Why Libertarians, Conservatives, and Anarchists Should Get Along

Part 3: How dozens of ideologies boil down to two

Published in The Freedom Scale – 13 mins – Sep 1

How many political ideologies have there been over the last 150 years?

In all likelihood, a series of familiar words has begun flashing through your head. Communism. Fascism. Socialism. Conservatism. Libertarianism.

Perhaps you drilled down a little further: Democratic socialism. Progressivism (America) and social democracy (Europe). Paleo-conservative, social conservative, fiscal conservative.

Maybe you can describe some of the differences between Italian fascism and German Nazism, or between Marxism-Leninism and Maoism.

Maybe you can list every single flavor of the libertarian rainbow, from most to least austere: Anarchist, minarchist, Objectivist, Public Choice School, Austrian (Misesian), Austrian (Hayekian), Chicago School…

And so on.

Every one of these ideological categories can be further subdivided, and there are plenty of others I didn’t mention. But what if I told you that at one level of analysis, there aren’t dozens of ideologies, but only two?

A bigger tent

In Part 1, we discussed the tendency of political movements to fracture—often over comparatively minor differences. Discussion becomes debate. Debate becomes division. Division becomes dissolution. Political movements possess a seemingly bottomless capacity to fork into ever-smaller splinter groups.

In Part 2, we explored some of the internal divisions within the freedom movement, and why libertarians are especially prone to fractiousness.

Before we can discuss some specific solutions, however, we have one more task. I would like to convince you that the freedom movement is bigger than you think…and that it ought to be considered so.

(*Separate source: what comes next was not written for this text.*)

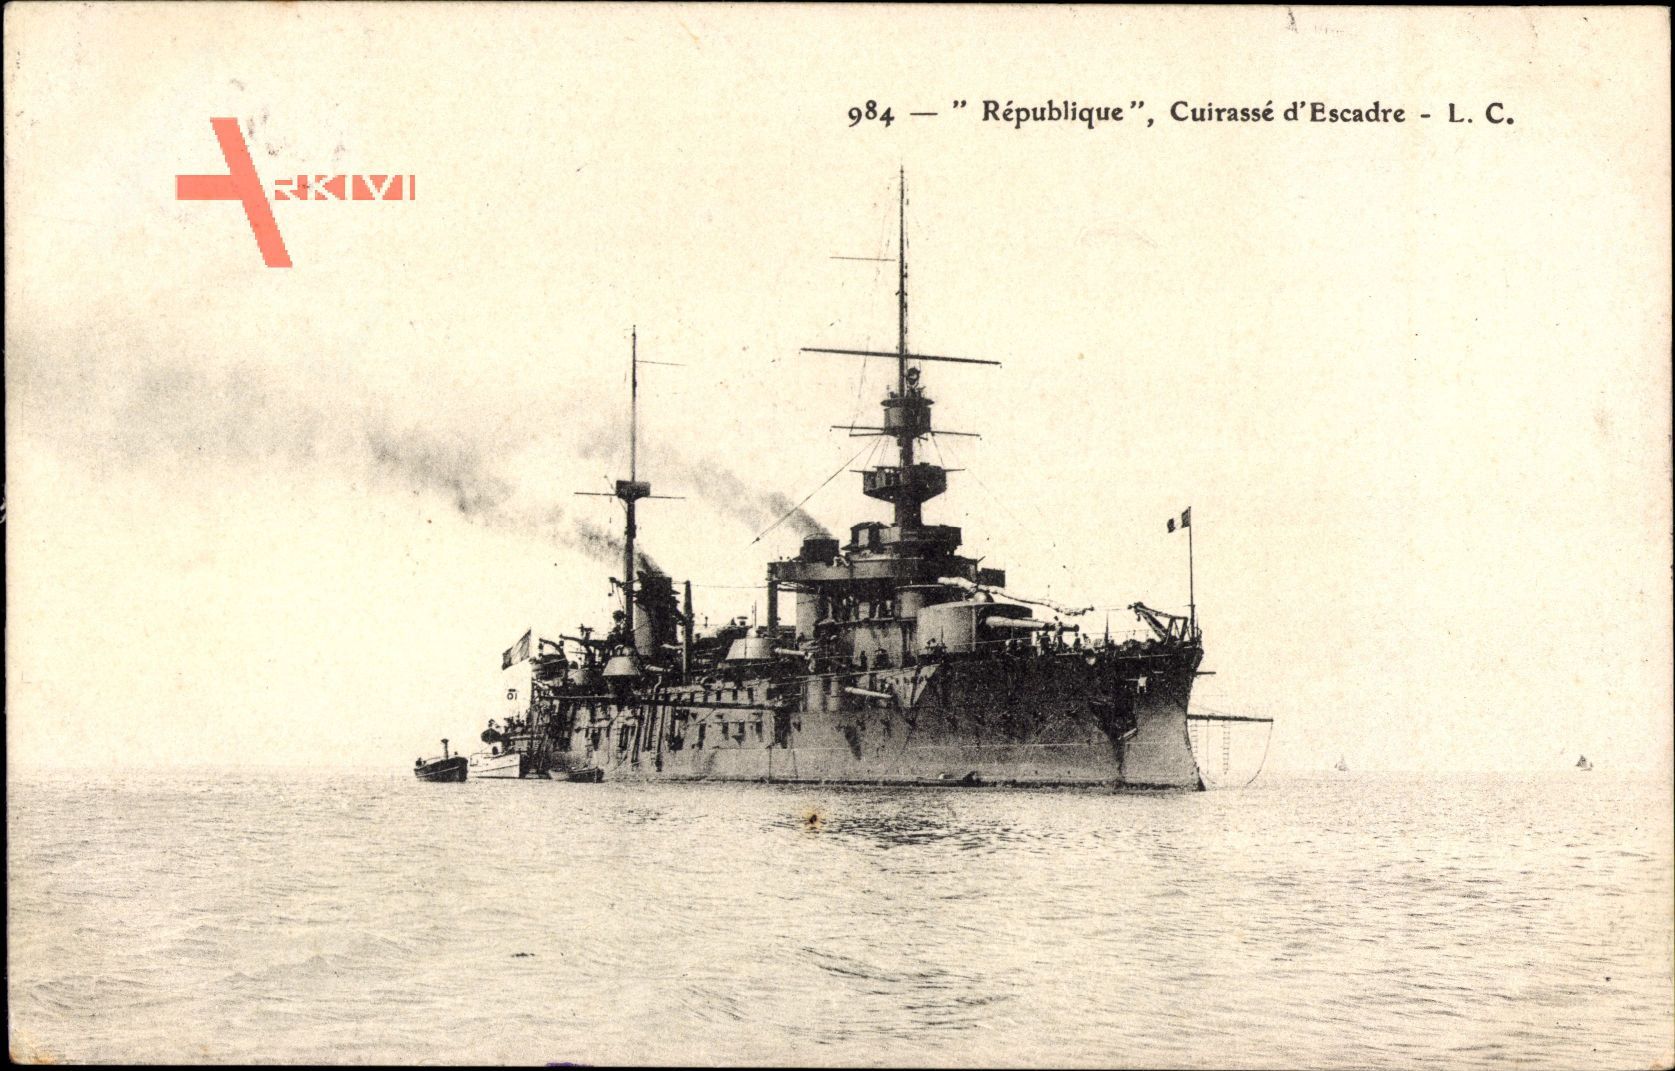 Französisches Kriegsschiff, République, Cuirassé dEscadre

This is where the concept of two political ideologies comes in.

Disclaimer:

The exploration upon which we are about to embark will include a large amount of generalizations. These will be accurate, but they will, of necessity, ignore a variety of nuances. I acknowledge that the nuances exist and that they are important, but for the purposes of this discussion, we must focus on the generalizations.

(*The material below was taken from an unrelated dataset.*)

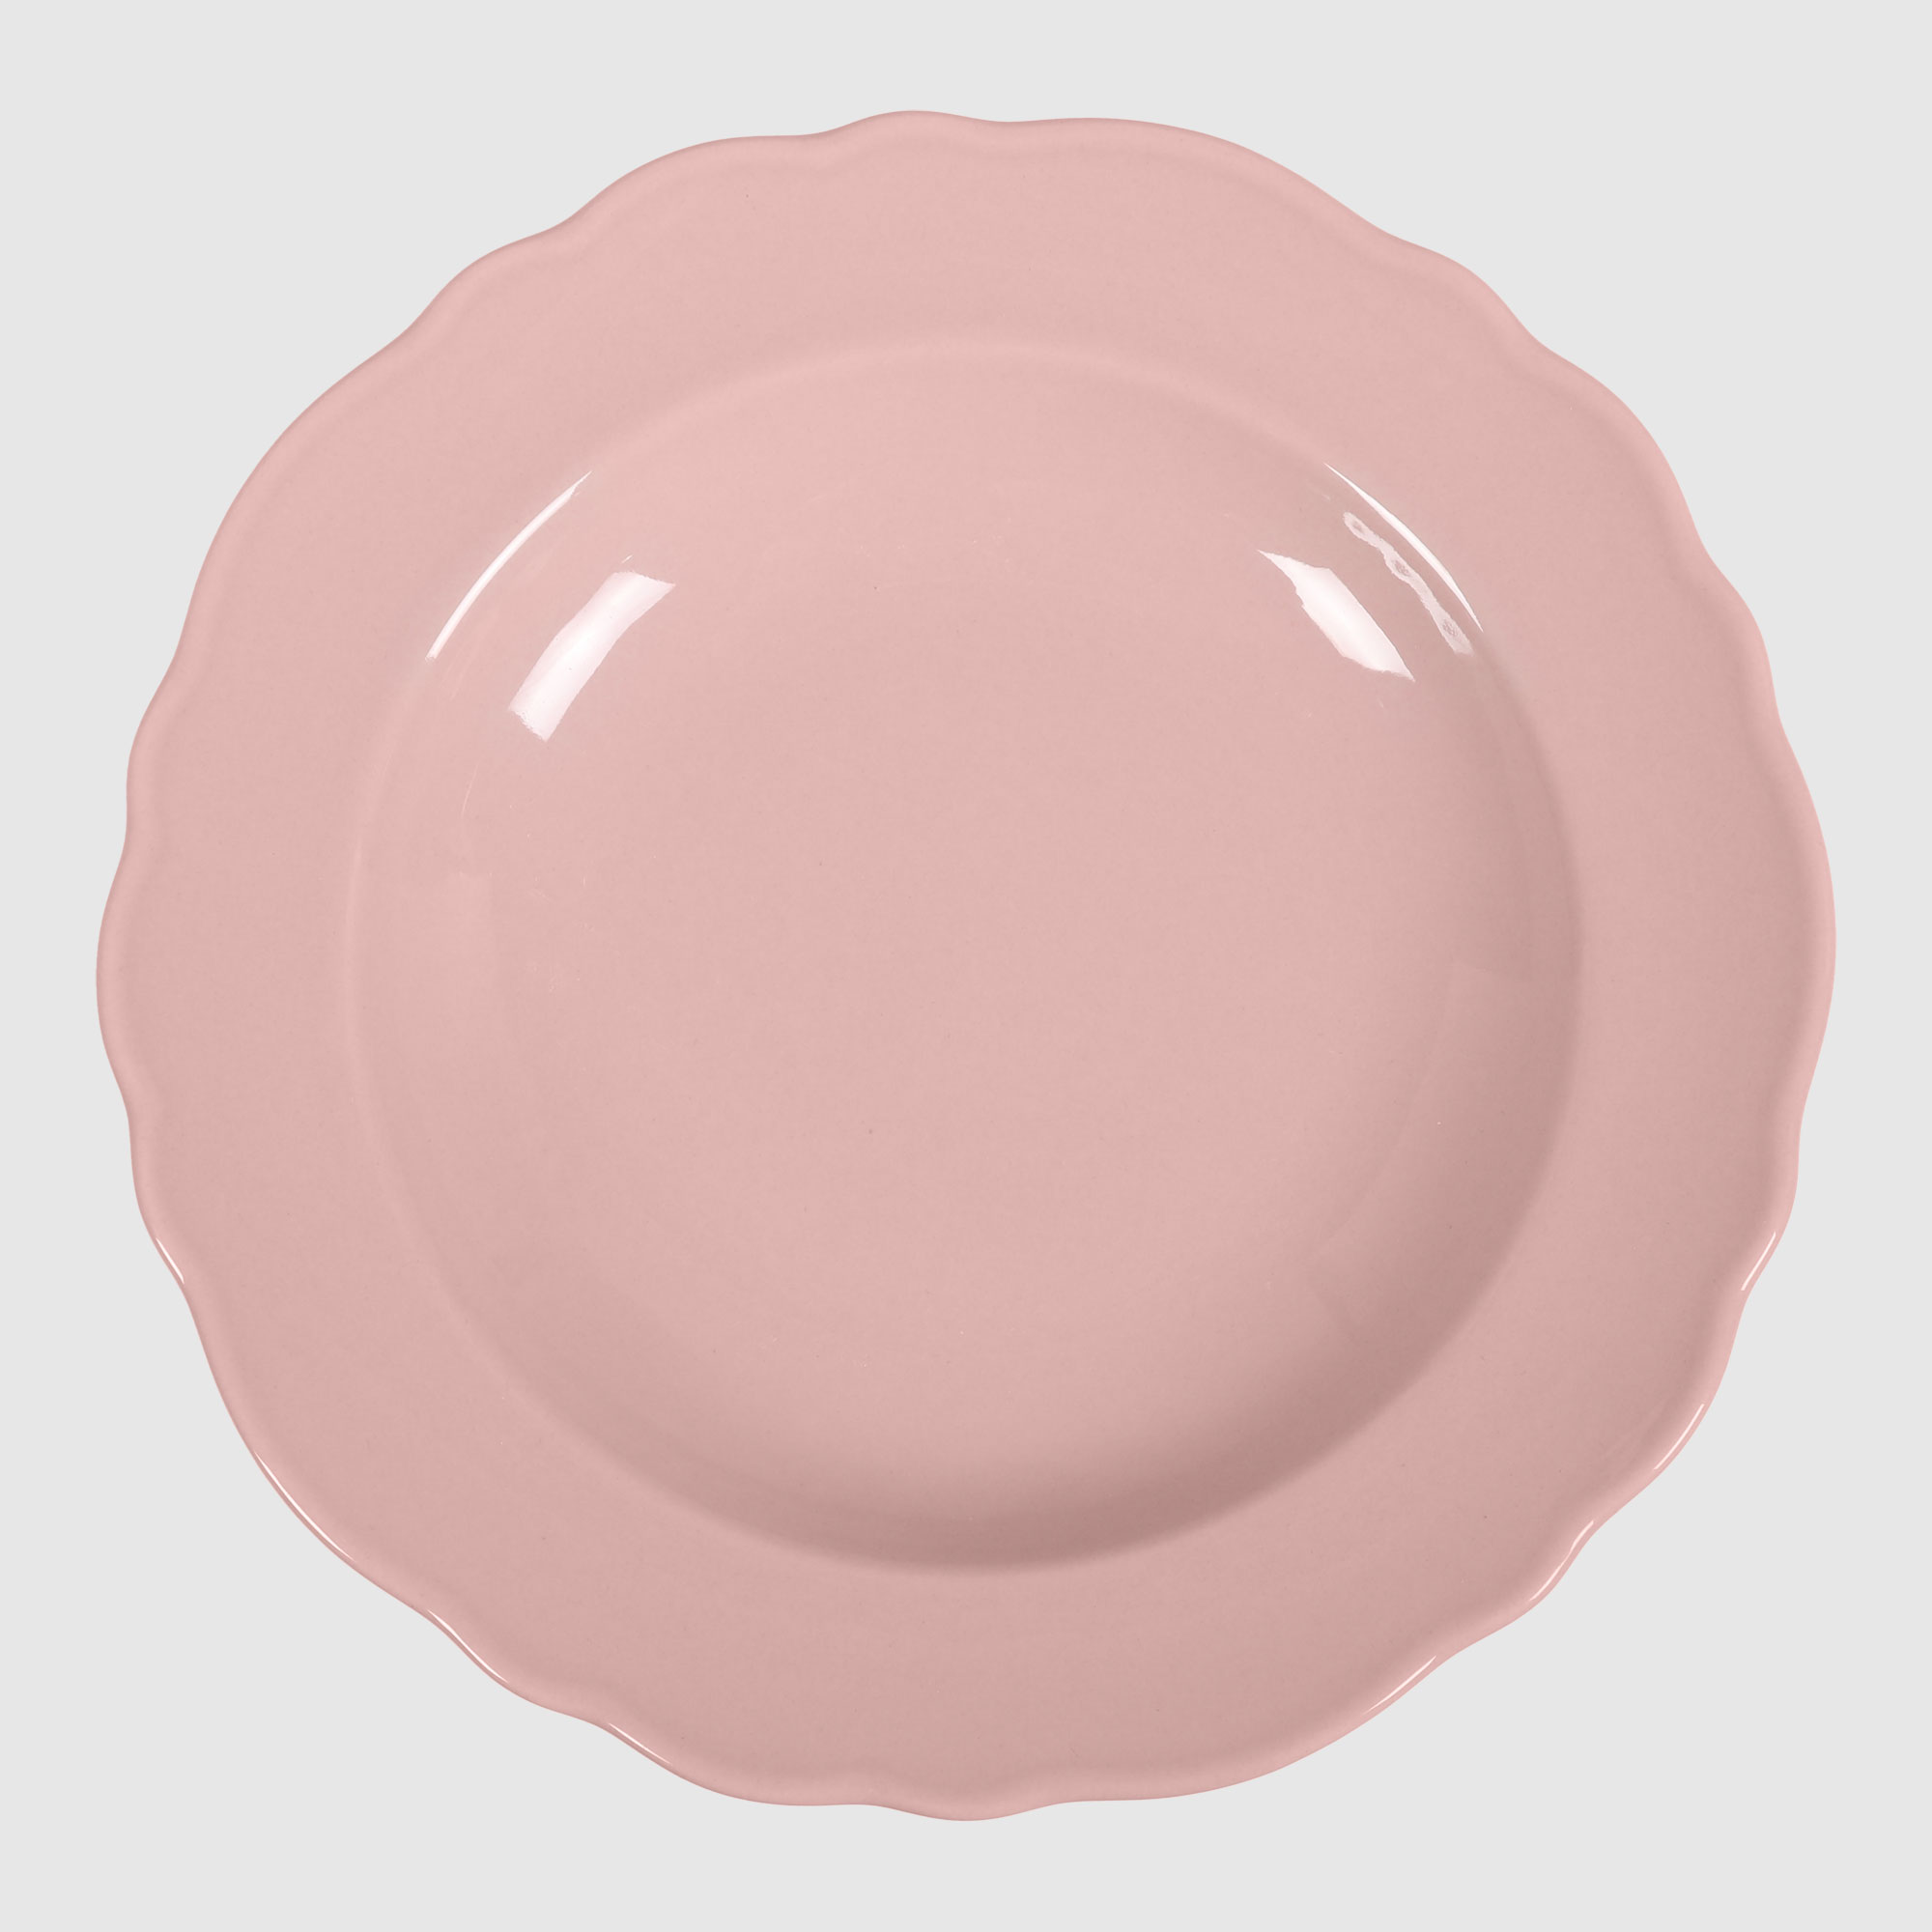 Тарелка глубокая Kutahya porselen Lar розовая 22 см тарелка глубокая kutahya porselen iron 22 см

Furthermore, in our core questions section below, it will appear as if I am delivering a blanket condemnation of the political left. I do believe that the ideology of the left gets the answers to all of these questions wrong, and much to the dismay of humankind for the last 200 years. However, I also acknowledge both the many exceptions that underly these generalizations, and the heartfelt good intentions of many of those who have inclined leftward over the years.

A freedom scale

In many ways, politics can be boiled down to a single question: how much?

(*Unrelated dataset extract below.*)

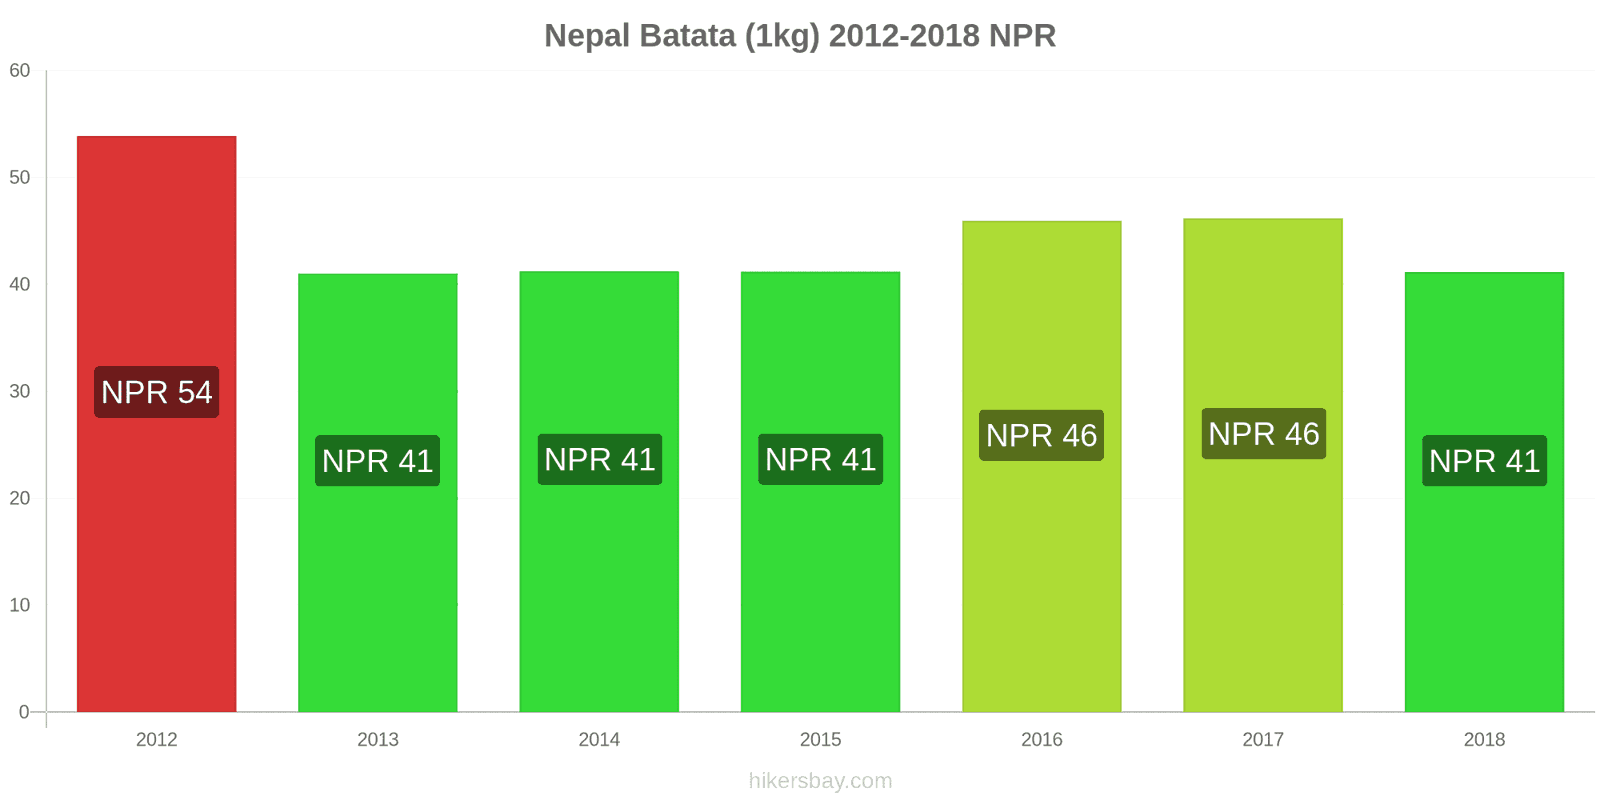 Nepal mudanças de preços Batatas (1kg) hikersbay.com

How much freedom? How much government?

In his natural state, the individual is free. Governments restrict a measure of that freedom, and the bigger a government gets, the more it restricts. The relationship between government and individual freedom is, roughly speaking, inversely proportional.

Thus, we can imagine a single-axis political spectrum that measures amount of individual freedom, with the minimum to the left and maximum to the right, moving in inverse proportion to amount of government along the same axis. A “freedom scale,” if you will.

But then a question arises—can we conceive of some kind of a center point on this spectrum? And if so, what would cause a person, policy, or political faction to fall to one side or another?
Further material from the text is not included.